[One of the drawings I did for Seth Godin’s latest book, “The Dip”.]
Social Objects and Homeless People
So I’ve been thinking some more about Jyri’s Five Principles of Social Objects, especially how they apply to gapingvoid:
1. You should be able to define the social object your service is built around.
In gapingvoid’s case, that would be the cartoons for the most part. The straight writing part I’m less concerned about.
2. Define your verbs that your users perform on the objects. For instance, eBay has buy and sell buttons. It’s clear what the site is for.
The verb that springs to mind is “share”. Not only do people re-publish them on their blogs, they’re also allowed to upload them onto other media for free: posters, t-shirts, stickers, whatever works for them. My licensing terms are pretty open.
3. How can people share the objects?
The key word here is “re-publish”. Microsoft’s Steve Clayton is probably the most well-known of my “re-publishers”, as he’s always using the Blue Monster cartoon for different things.
4. Turn invitations into gifts.
Again, the Blue Monster cartoon would serve as a good example. Microsoft employees hand out Blue Monster schwag as an invitation to start a conversation about Microsoft. The Blue Monster’s main function is not about the message, the Blue Monster is about the social gesture.
5. Charge the publishers, not the spectators.
D’accord. The people who put the cartoons on their business cards are doing the paying, not the people receiving them.
Somewhere along the line I figured out the easiest products to market are objects with “Sociability” baked-in. Products that allow people to have “conversations” with other folk. Seth Godin calls this quality “remarkablilty”.
For example: A street beggar holding out an ordinary paper cup cup won’t start a conversation. A street beggar holding out a Starbucks cup will. I know this to be true, because it happened to me and a friend the other day, as we were walking down the street and a guy asked us for some spare change. Afterwards, as we were commenting about the rather sad paradox of a homeless guy plying his trade with a “luxury” coffee cup, my friend said, “Starbucks should be paying that guy.”
Actually, my friend is wrong. Starbuck’s doesn’t need to be paying the homeless guy. Because Starbucks created a social object out of a paper cup, the homeless guy does their marketing for free, whether he knows it or not.
Although I suspect he does. I suspect somewhere along the line the poor chap figured out that holding out a Starbucks cup gets him more attention [and spare change] than an ordinary cup. And suddenly we’re seeing social reciprocity between a homeless person and a large corporation, without money ever changing hands. Whatever your views are on the plight of homeless people, this is “Indirect Marketing” at its finest.
And of course, the way I market my cartoons and my other various enterprises is not all that dissimilar…
[Bonus Link:] A wonderfully thought-provoking podcast interview of Seth Godin. Disclosure: He kindly gives me a brief mention about 23.15 minutes into it.

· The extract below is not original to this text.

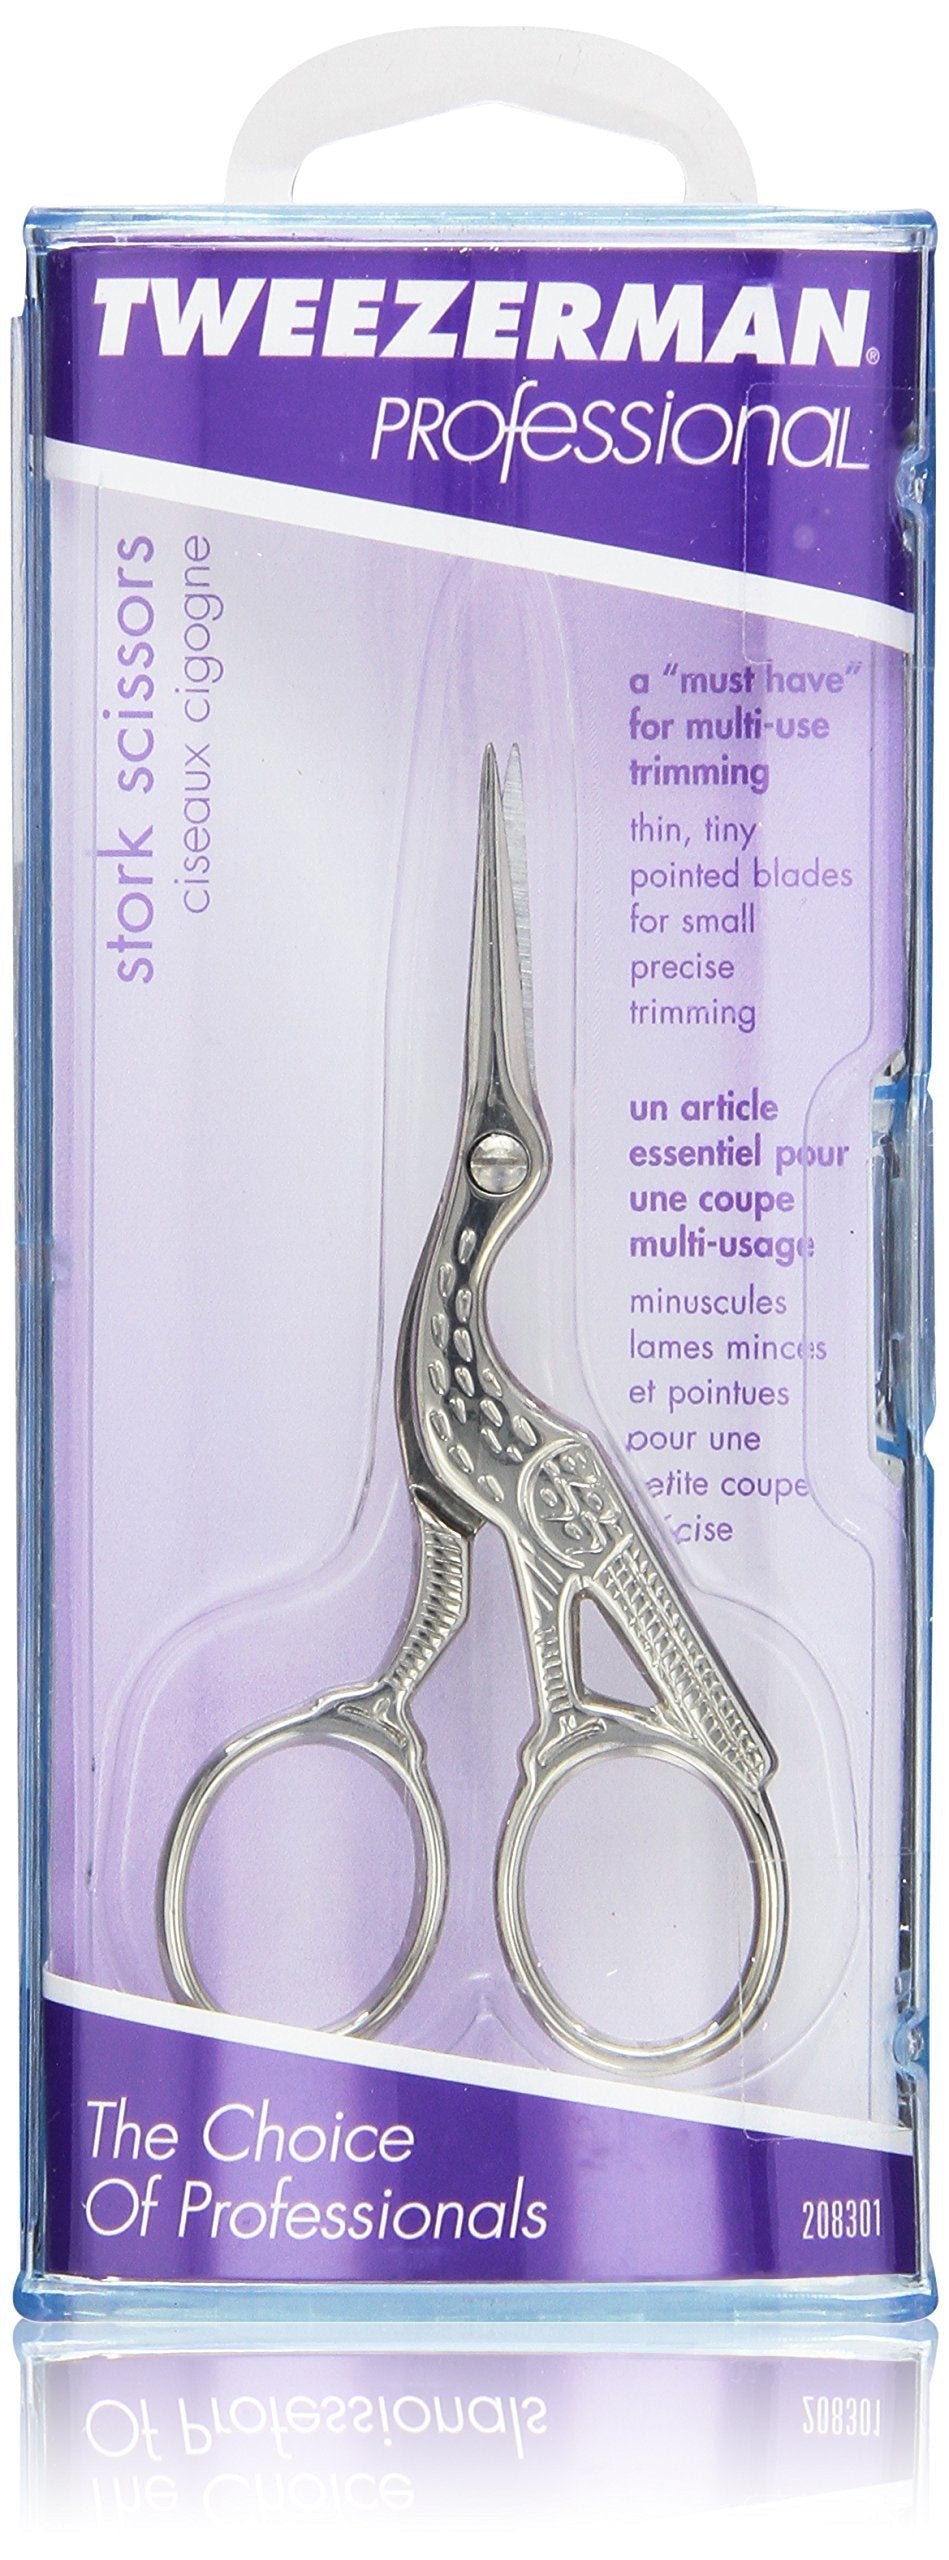 [Australia] - Tweezerman Professional Stork Scissors Used for Trimming Brows and Facial Hair (ZW-3042-P)

But what if I fail? Oh, another cliché quote coming on; to paraphrase : “Reach for the stars. You may not get one, but you’ll come up with more than a handful of mud.”
The Starbucks cup inspired two reactions in me. Firstly (and I’m not proud of this) I thought “well if he can afford to get coffee at Starbucks, he’s not doing too bad”. But then I realised that subliminally the coffee cup was reinforcing the idea that my change would go towards coffee rather than alcohol or worse. Now if he held out a receptacle that looked like a little house maybe…
I don’t know if that is the most offensive or audacious or brilliant blog post i’ve ever read.
It may be me, but if it’s the cartoons which are the social objects then what does it mean when the writing appear to be about something completely unrelated?
I’ve had a go at applying Jyri’s 5 principles too.
“And suddenly we’re seeing social reciprocity between a homeless person and a large corporation,”
Bit of a stretch, isn’t it? Shouldn’t you *ask* the guy if he really does make more with the Starbucks cup before you fly off drawing further conclusions based on “I suspect he does”
I agree that the Starbucks cup made you pay more attention than a plain white cup would – which is what companies pay advertising companies HUGE bucks for. How many times have you watched a commercial and sit and wonder what the heck it was all about – but the point is, you were still thinking about it after it was over.
of course thinking about a homeless guy after you are past him doesn’t do HIM any good unless you plan to mail him a check. Just an interesting tangent.